While significant attention has been given to defining core areas in space, little attention has been given to defining or characterizing core areas in both space and time. Time is an important aspect of the concept of core areas because it effectively differentiates a true geographic core cluster, persistent in time, from an outbreak cluster of limited duration. Changes in the size and location of the core over time can be used to measure the stability of the core area. Knowing whether a geographic cluster of infection is a core area or an outbreak, and whether it is stable in space and time, directly affects public health decisions pertaining to intervention, prevention, and response strategies (37, 38).
Our purpose in this investigation was to expand core theory by examining the roles of person, place, and time in relation to the spatial distribution of syphilis. Syphilis provides a good model for investigating core theory because sexual contact tracing and, in some cases, social contact tracing enhances the completeness of surveillance data. Consequently, the observed spatiotemporal distribution of infection will be based on reasonably complete information. We investigated the concept of geographic core areas using syphilis data from San Francisco, California, which experienced 2 separate syphilis epidemics between 1985 and 2007. Here, we use the term “epidemic” to refer primarily to temporal periods in which observed rates of syphilis infection exceeded what was expected and remained elevated for a limited period of time. With this definition, space is implicit and refers to the entire city of San Francisco. The first San Francisco syphilis epidemic (1985–1991) occurred predominantly among young, black, heterosexual crack-cocaine users. The second epidemic (2001 to the present and ongoing) occurred predominantly among older white and Hispanic men who have sex with men (MSM).
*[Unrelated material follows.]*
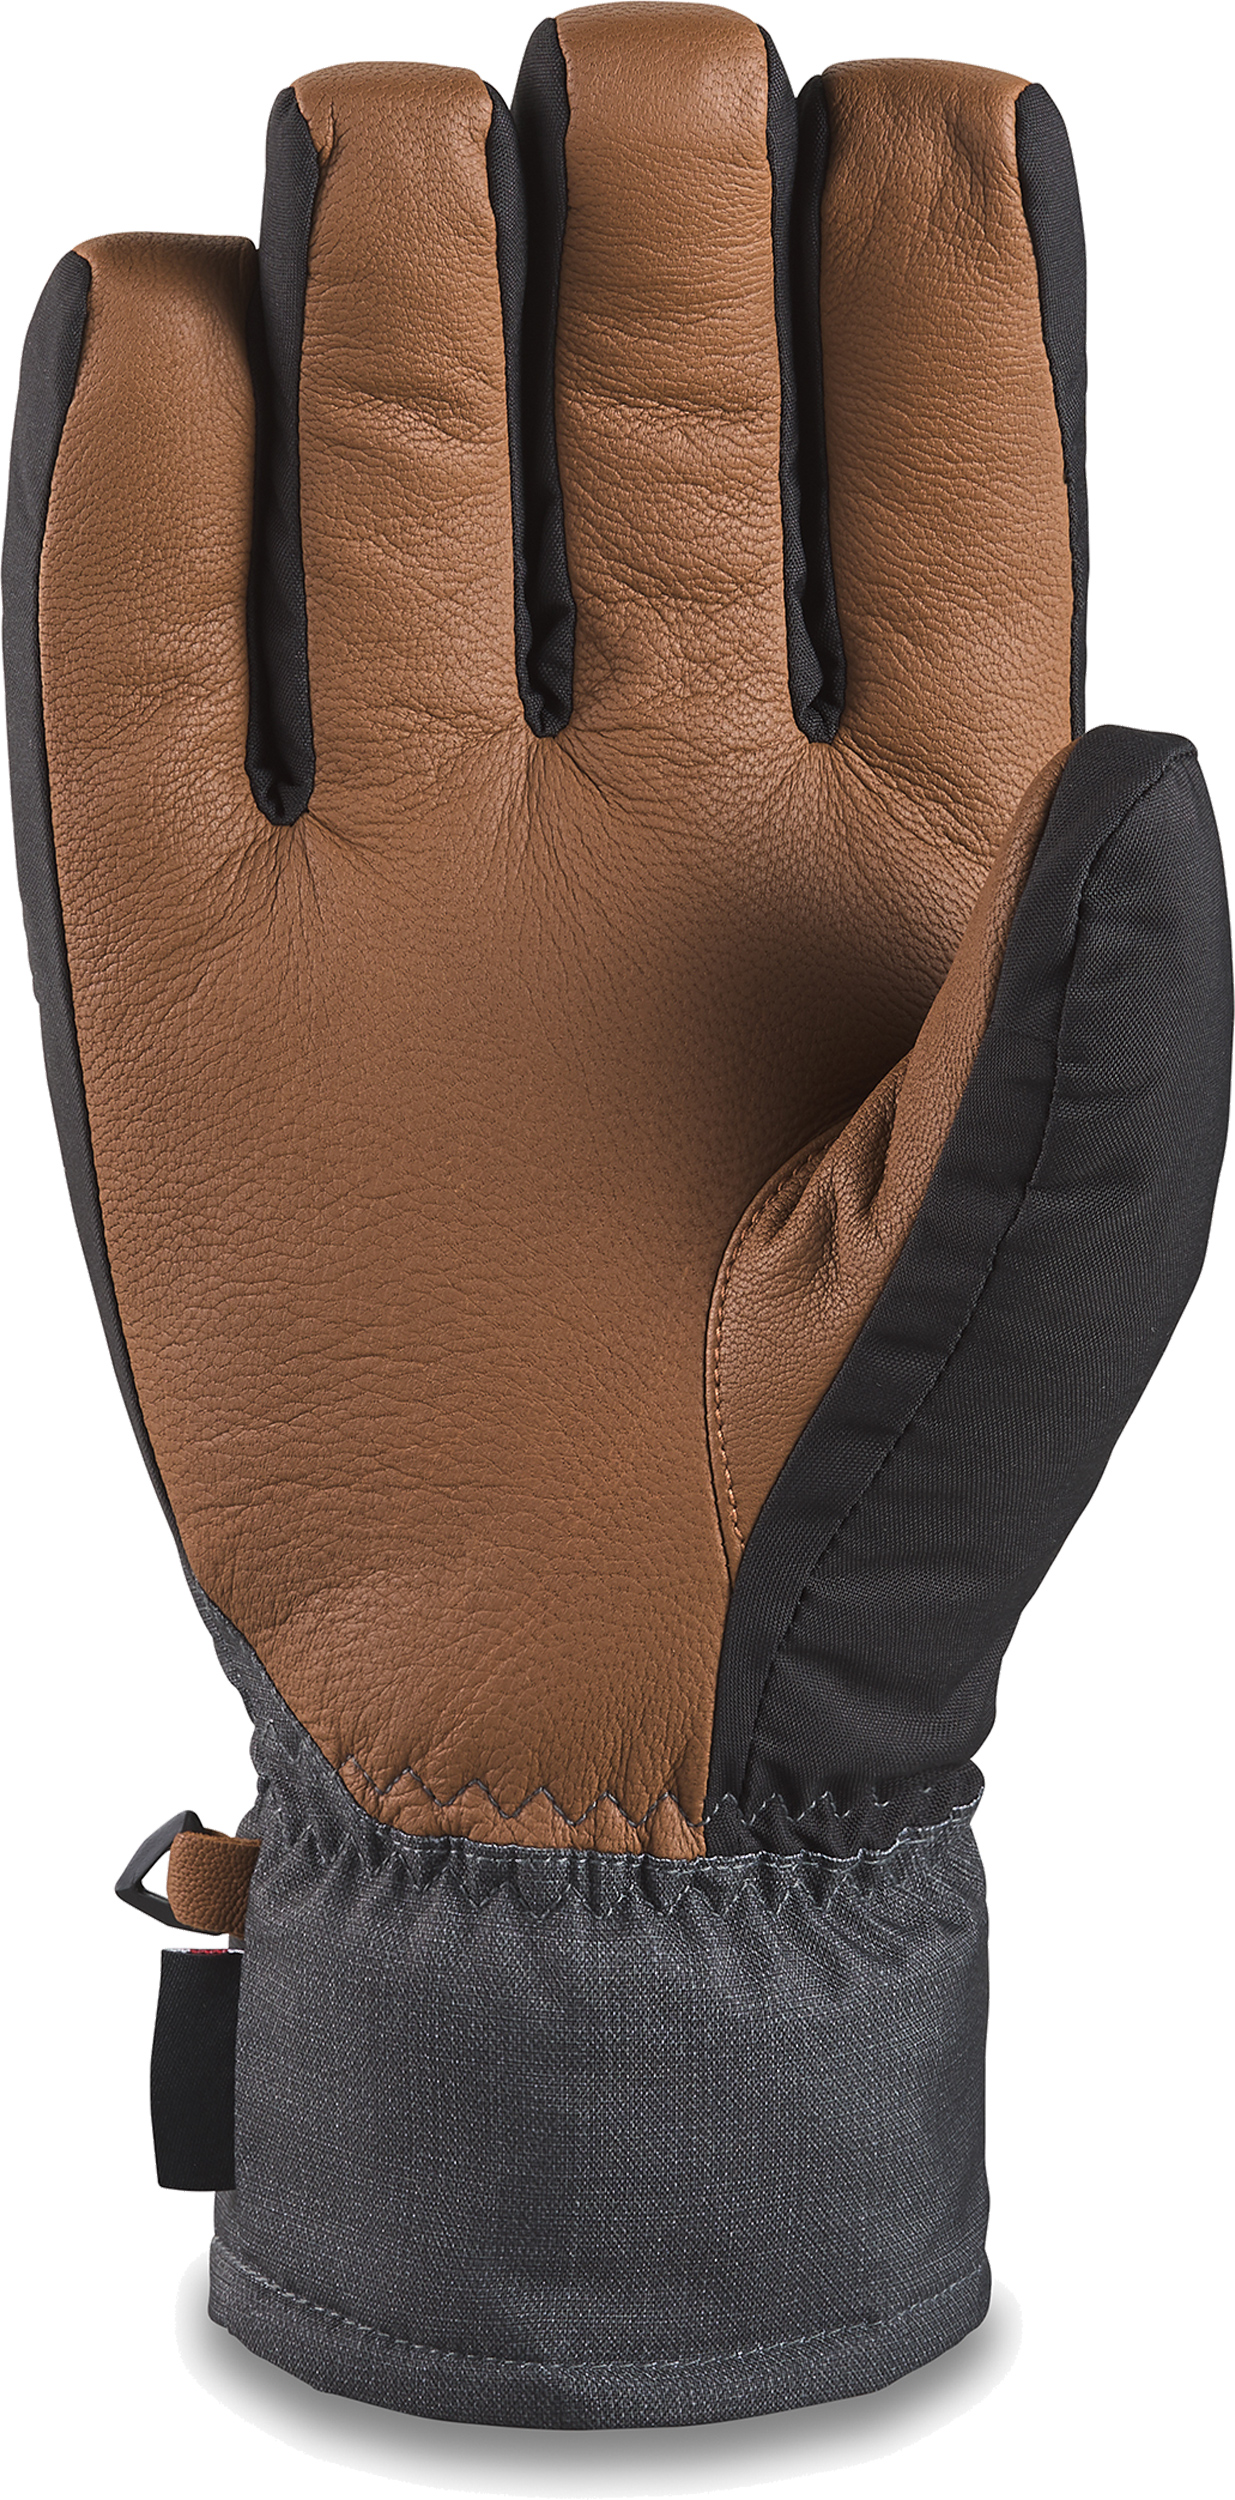 Details about   Dakine Charger Mitt Mittens & Liner Gloves Men's Large Black 
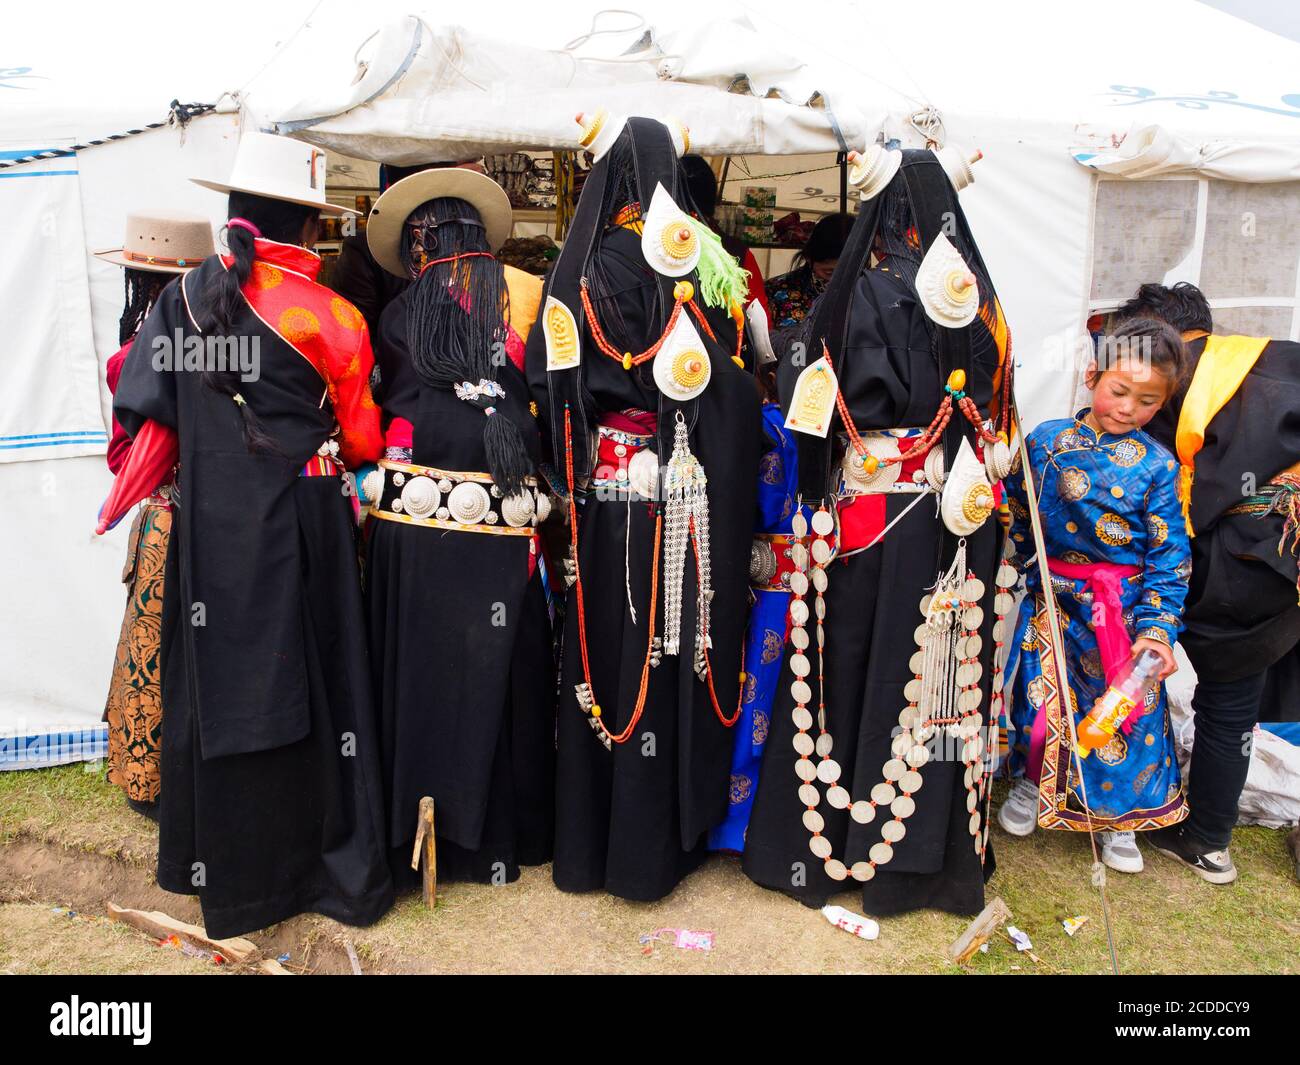 Kham-Leute verkleideten sich, um an dem Pferdefest in einem Grasland in der Nähe der Stadt Litang teilzunehmen. Stockfoto

Specifically, we addressed whether a distinct core area or areas could be identified in San Francisco that could be differentiated from the known outbreaks, both geographically and temporally. We sought to determine whether such a core area would be spatiotemporally stable. Finally, we sought to assess whether the characteristics of the persons with syphilis in the core area(s) were consistent over time and whether the core area(s) contributed to the emergence of the outbreaks. The answers to these questions should provide important insights into the epidemiology of syphilis and the relation of core areas, core groups, and outbreaks.
MATERIALS AND METHODS
Under California state public health law, all reactive syphilis serologic results are reported to the local health jurisdiction from laboratories, along with provider reports of syphilis. Syphilis case investigations are conducted by local health department staff to ensure treatment and partner services. Syphilis events that occur more than 30 days apart are considered separate morbid events; thus, repeat infections were included in our analysis, since we were calculating incident rates of infection. The 30-day period is standard and is used to remove likely duplicate reports. Syphilis morbidity from persons residing outside of the geographic boundaries of the City and County of San Francisco are not included in local morbidity statistics. We mapped yearly, census-tract-level syphilis incidence rates for San Francisco based on new primary and secondary syphilis cases reported to the San Francisco City STD surveillance program between January 1, 1985, and December 31, 2007.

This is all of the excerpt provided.